Слишком отчетливо вспомнилось ей, как Мартин, одетый в форму, забрал ее из школы и как они на джипе ехали на ферму и незадолго до цели лежали под деревом. Тогда или позже решила она выйти замуж за этого заколдованного белокурого принца? Помнил ли еще Мартин о своем обещании ждать ее? Она-то свое слово сдержала и никогда не плакала, вспоминая Ол’ Джоро Орок. Во всяком случае, слез не было.

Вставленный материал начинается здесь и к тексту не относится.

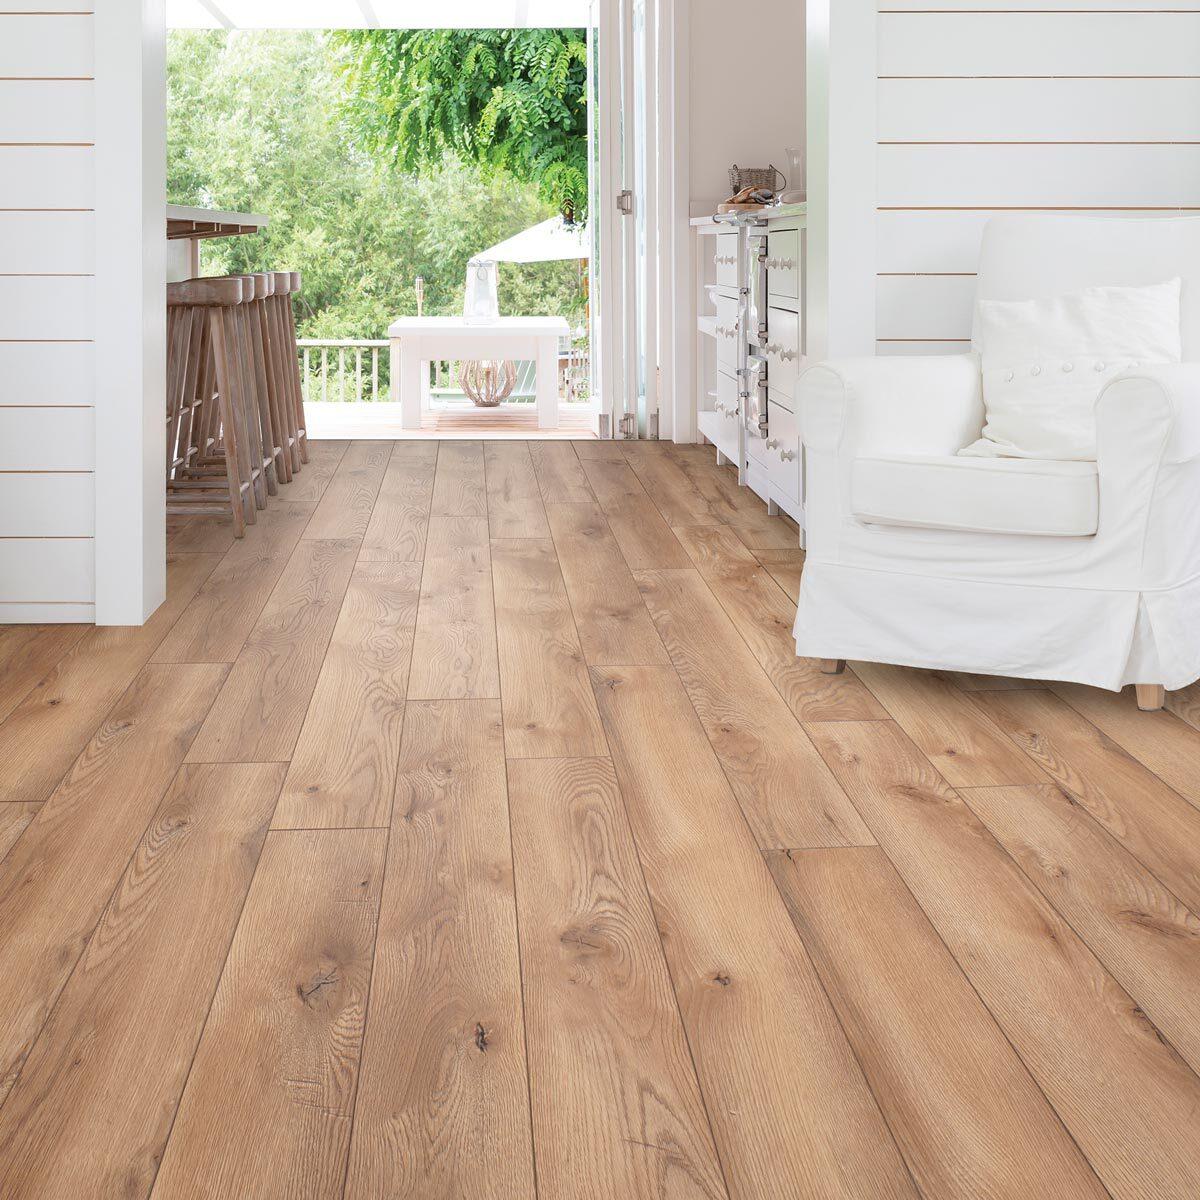 Ac5 Laminate Flooring, Woodland Oak Laminate Flooring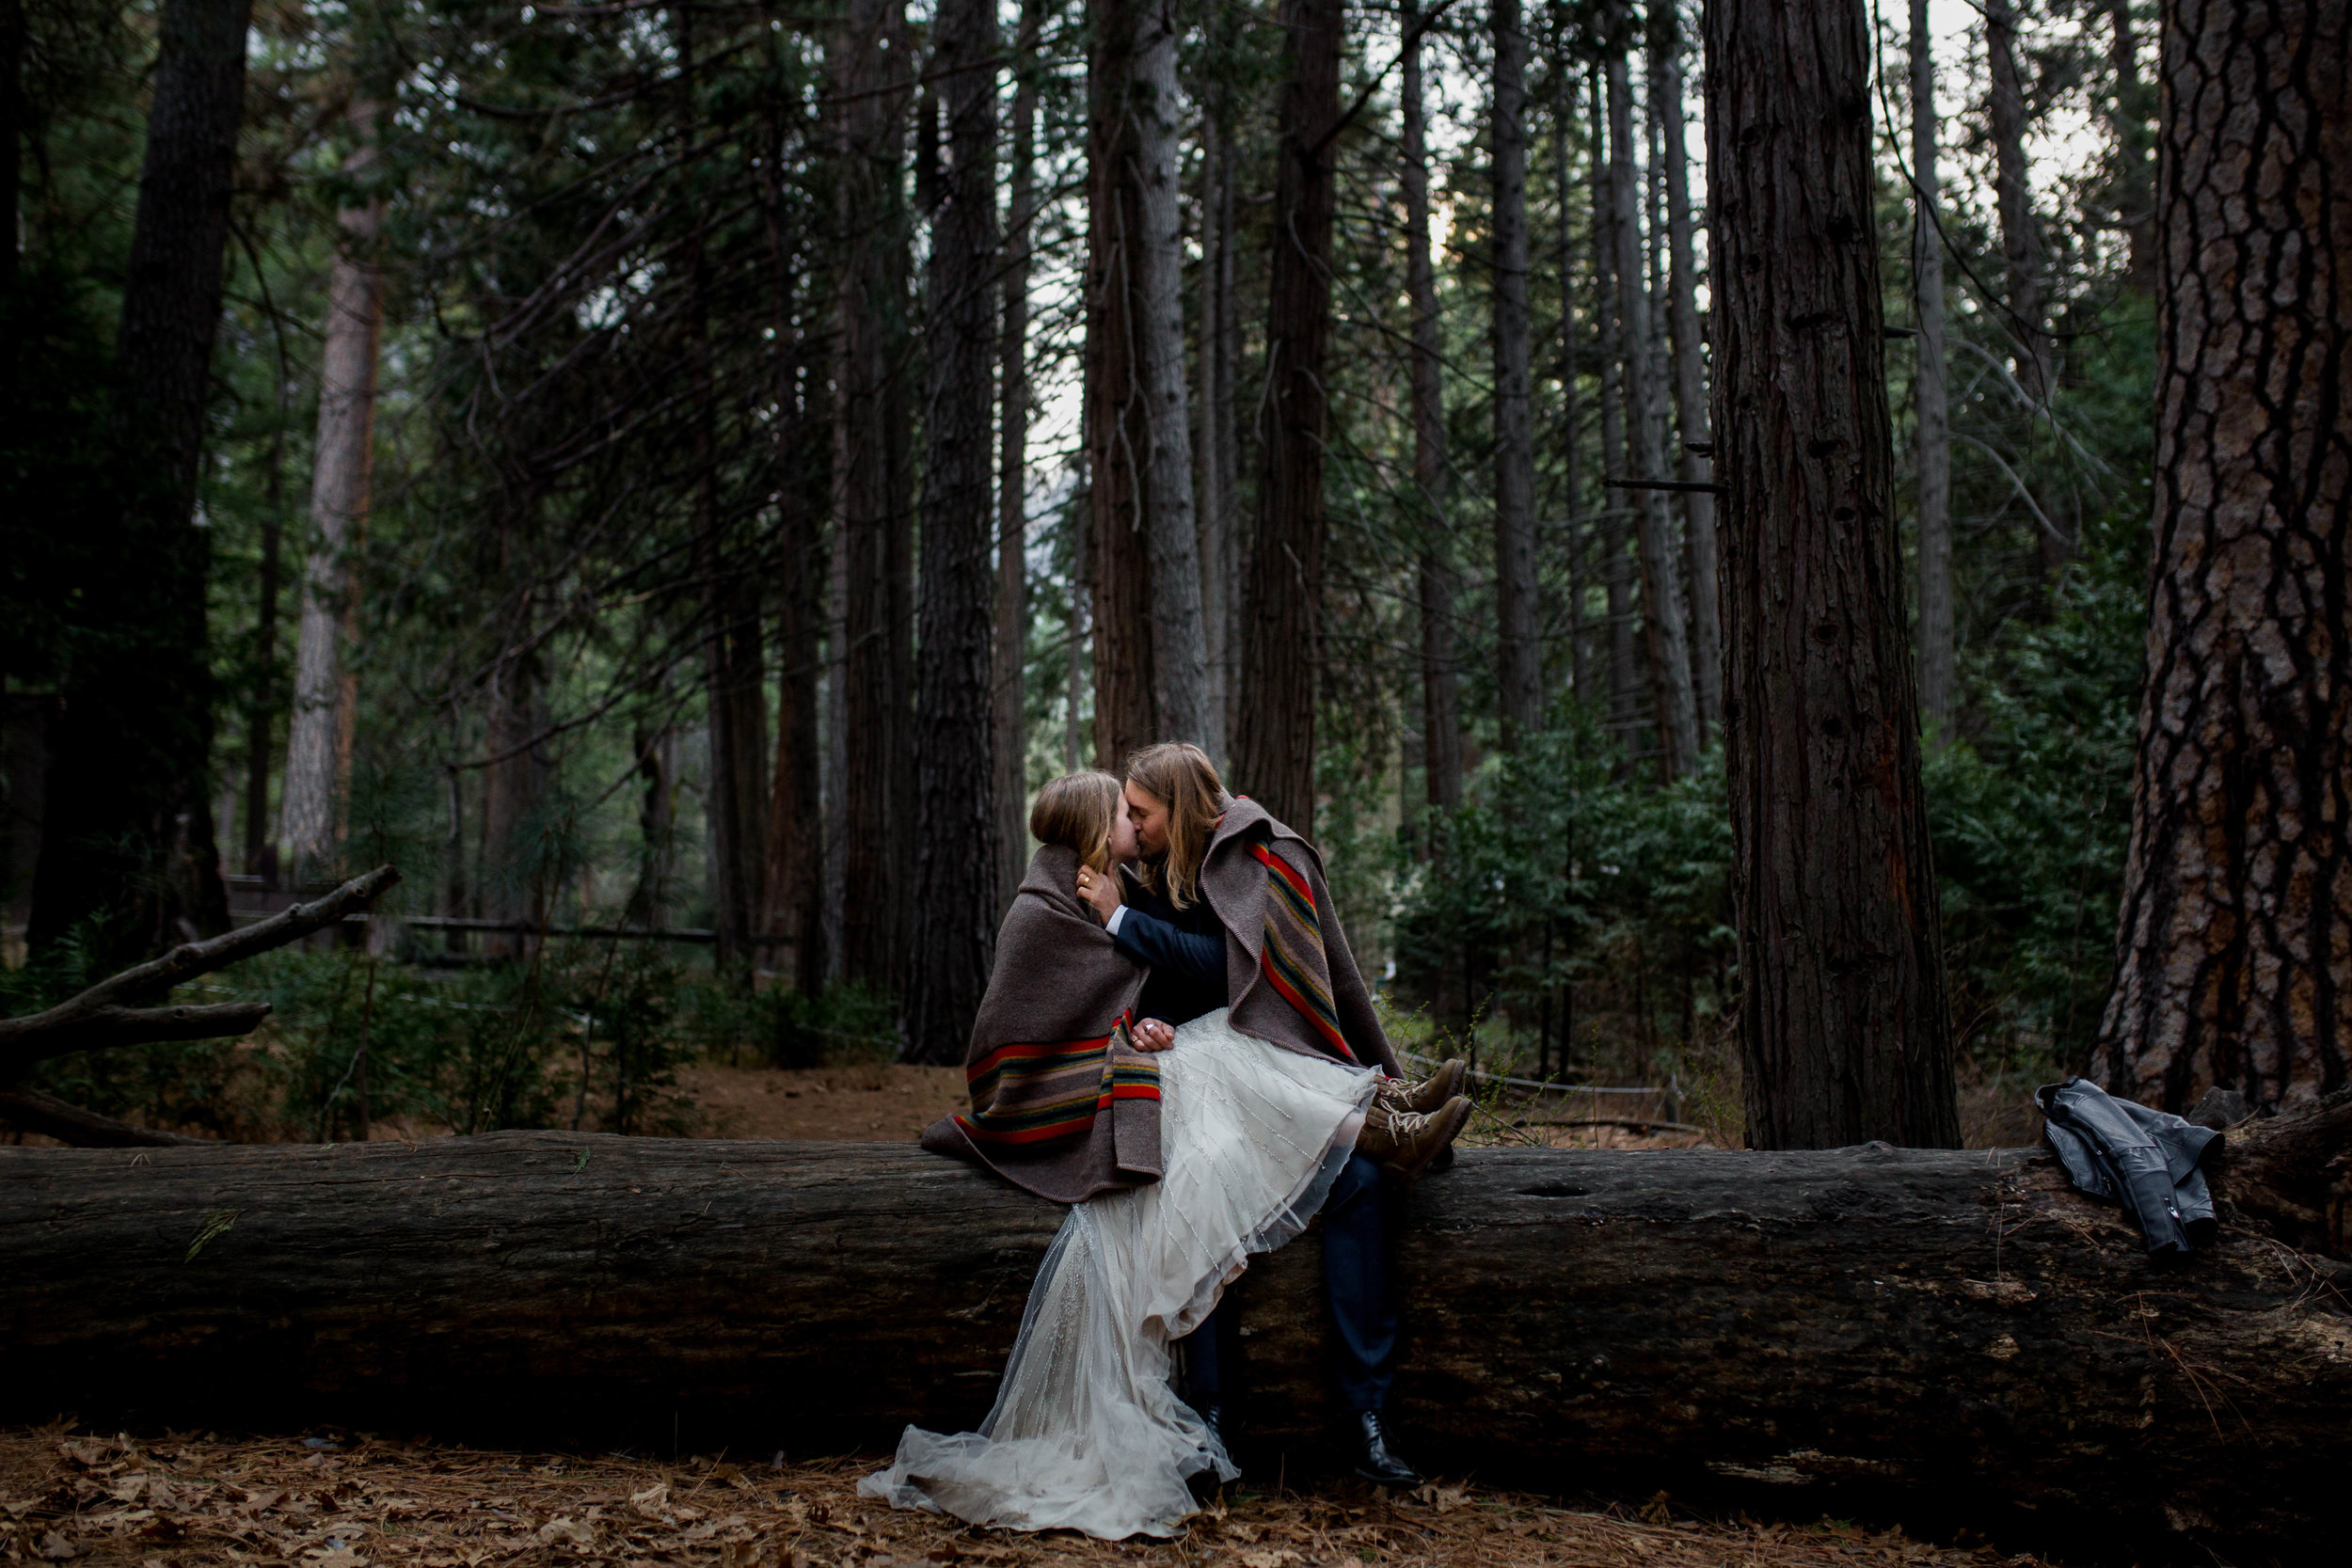 Nicole-Daacke-Photography-Adventurous-Elopement-Intimiate-Wedding-Destination-Wedding-Yosemite-National-Park-Laid-Back-Love-Photographer-4.jpg

То, что большая печаль могла сожрать грусть, было ново для Регины и приятно. Поезд укачал ее, так что она, хотя слышала еще отдельные слова, уже не могла соединить их в целую фразу. Как раз в тот момент, когда она объясняла Мартину, что ее зовут не Регина, а маленькая Нелл, отчего Мартин так чудесно рассмеялся, что уши у нее все еще будто огнем горели, первый вагон, пыхтя, вкатился на перрон Наиваши. Пар от локомотива закутал маленький светло-желтый домик начальника станции во влажную белую пелену. Даже гибискус на стене потускнел.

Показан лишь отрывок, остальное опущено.